We're using MariaDb in production and we've added a MariaDb slave so that our data team can perform some ETL tasks from this slave to our datawarehouse. However, they lack a proper Change Data Capture feature (i.e. they want to know which rows from the production table changed since yesterday in order to query rows that actually changed).
I saw that MariaDb's 10.3 had an interesting feature that allowed to perform a SELECT on an older version of a table. However, I haven't found resources that supported the idea that it could be used for CDC, any feedback on this feature?
If not, we'll probably resort to streaming the slave's binlogs to our datawarehouse but that looks challenging..
Thanks for your help!
MariaDB supports System-Versioned Tables since version 10.3.4. System version tables are specified in the SQL:2011 standard. They can be used for automatically capturing previous versions of rows. Those versions can then be queried to retrieve their values as they have been set at a specific point in time.
The following text and code example is from the official MariaDB documentation
With system-versioned tables, MariaDB Server tracks the points in time when rows change. When you update a row on these tables, it creates a new row to display as current without removing the old data. This tracking remains transparent to the application. When querying a system-versioned table, you can retrieve either the most current values for every row or the historic values available at a given point in time.
You may find this feature useful in efficiently tracking the time of changes to continuously-monitored values that do not change frequently, such as changes in temperature over the course of a year.
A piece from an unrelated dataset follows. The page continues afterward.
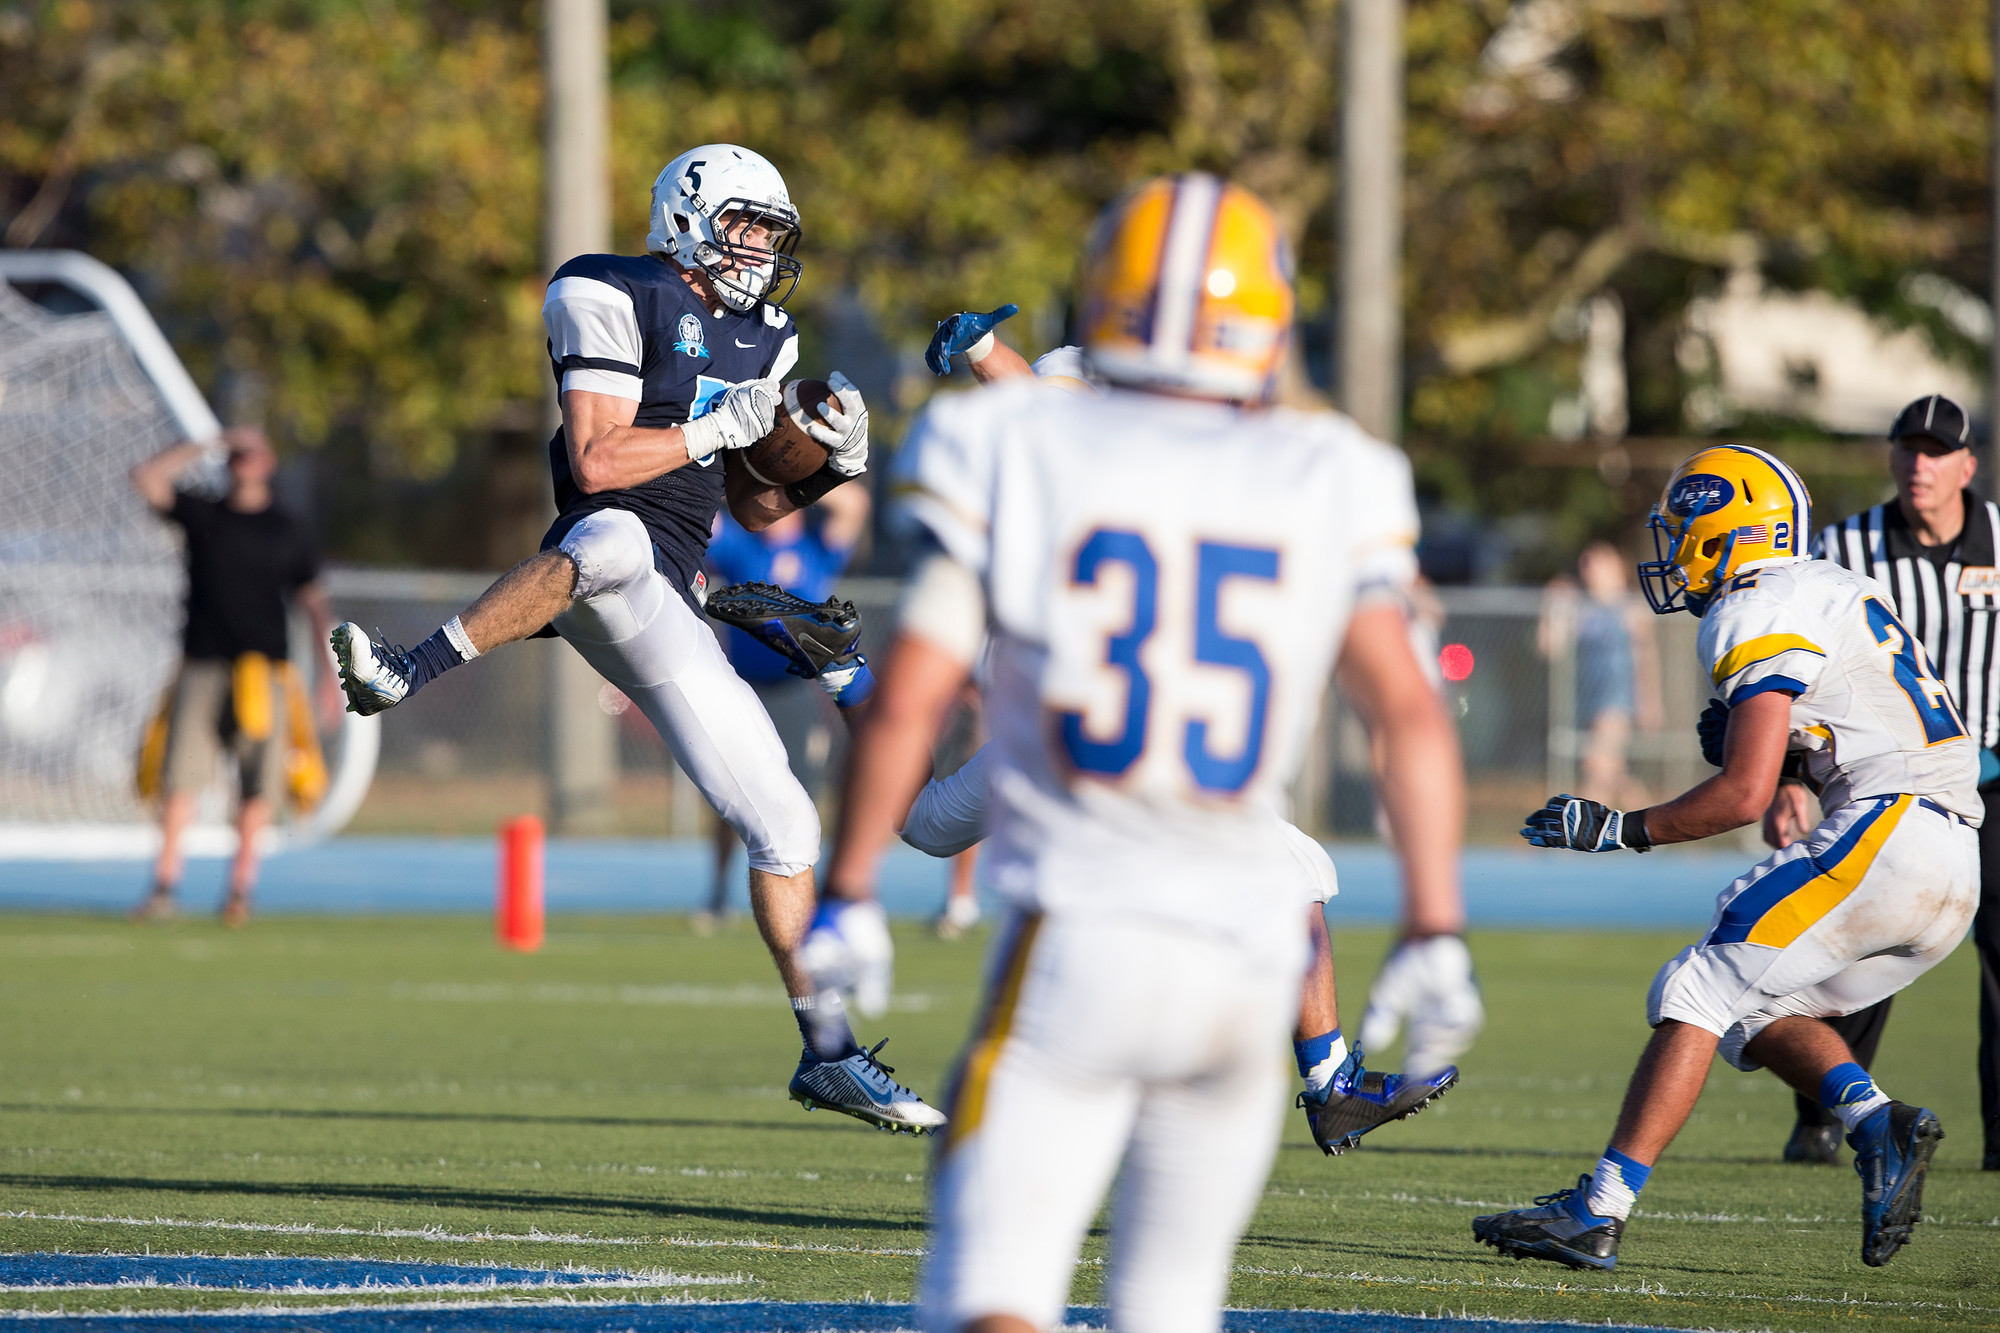 Senior receiver Mike Checco went up high to snare a pass from Vincent Guarino. The pair hooked up for a 27-yard touchdown pass in the fourth quarter.

System versioning is often useful for auditing.
With adding SYSTEM VERSIONING
to a newly created or an already existing table (using ALTER
), the table will be expanded by row_start
and row_end
time stamp columns which allow retrieving the record valid within the time between the start and the end timestamps.
CREATE TABLE accounts (
id INT PRIMARY KEY AUTO_INCREMENT,
name VARCHAR(255),
amount INT
) WITH SYSTEM VERSIONING;
It is then possible to retrieve data as it was at a specific time (with SELECT * FROM accounts FOR SYSTEM_TIME AS OF '2019-06-18 11:00';
), all versions within a specific time range
SELECT * FROM accounts
FOR SYSTEM_TIME
BETWEEN (NOW() - INTERVAL 1 YEAR)
AND NOW();
or all versions at once:
SELECT * FROM accounts
FOR SYSTEM_TIME ALL;